I will call and then listen for a reasonable interval. I will not call continuously.
I will not transmit when the Fox station calls another call sign, not mine.
I will not transmit when the Fox station queries a call sign not like mine.
When the Fox station calls me, I will send only the required exchange of RST – S/P/C – Name – Power out
I will be thankful if and when I do make a contact.
I will resort to attempting duplicate contacts only if I am very certain that I was not heard the first time.
I will respect my fellow hams and conduct myself so as to earn their respect.
72 de Larry W2LJ
QRP – When you care to send the very least!
Larry Makoski, W2LJ, is a regular contributor to and writes from New Jersey, USA. Contact him at [email protected].

One Response to “One Mo’ Time !”

  • Mark AI4HO:

    All too often it is quite the opposite, doesn’t matter weather you’re operating QRP or QRO, still have a way too any ops trying to get that “rare” DX by hook or by crook.

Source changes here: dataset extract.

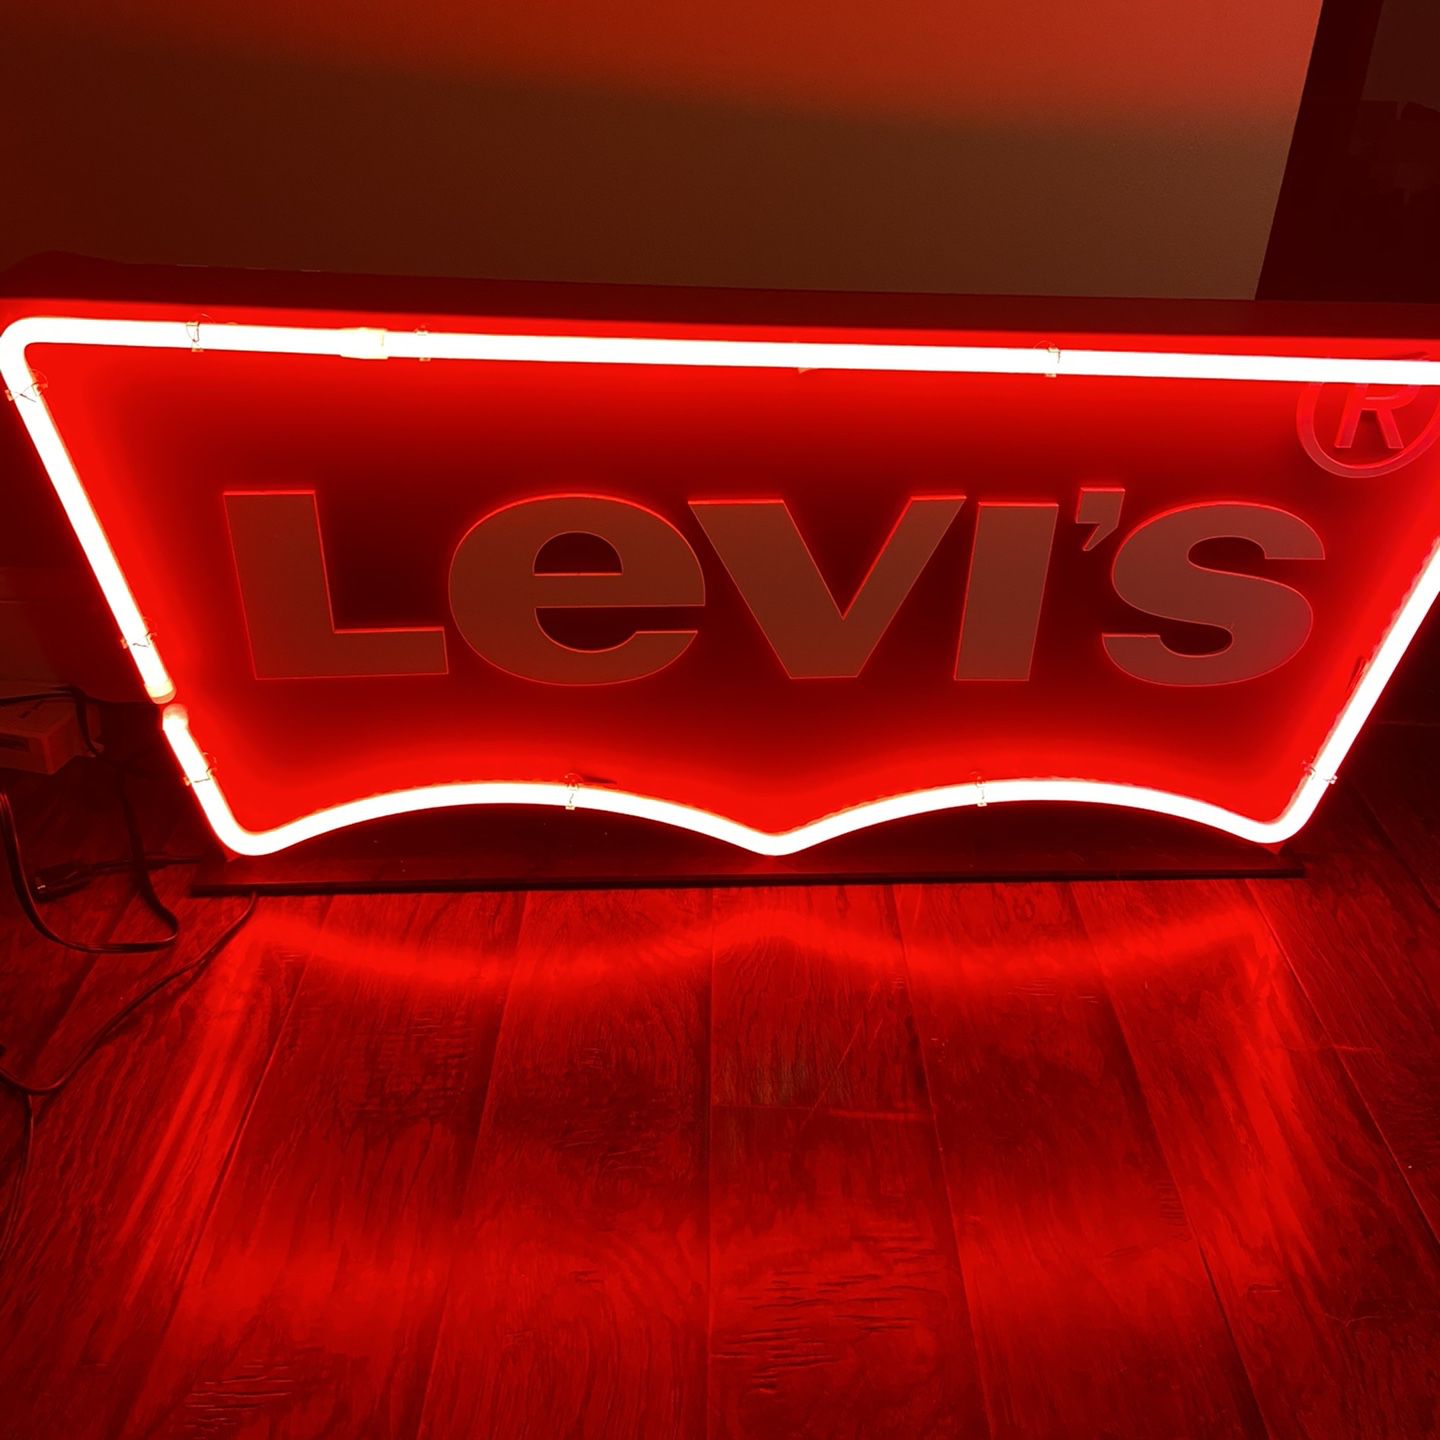 Large Levi's Neon Sign for Sale in Chesapeake, VA - OfferUp

For me, the worst are the tuner uppers, I am on a 40 meter net most week day mornings and am the net control station Wednesday mornings. All to often we have to try an run a net over these people who are either to lazy to listen, or just don’t care.

    Yes, most of us who are net control stations have to run some power as we have check ins from as far west as Tx. California on a rare day. up and down the East coast, and as far nor as New Brunswick. So I know we can be heard, someone can hear someone on our net. It is pure laziness or poor operating skills or both. Sorry for the rant, these people really get under my skin. These rules can well be applied for most any ham radio on air activities…well said Larry…well said.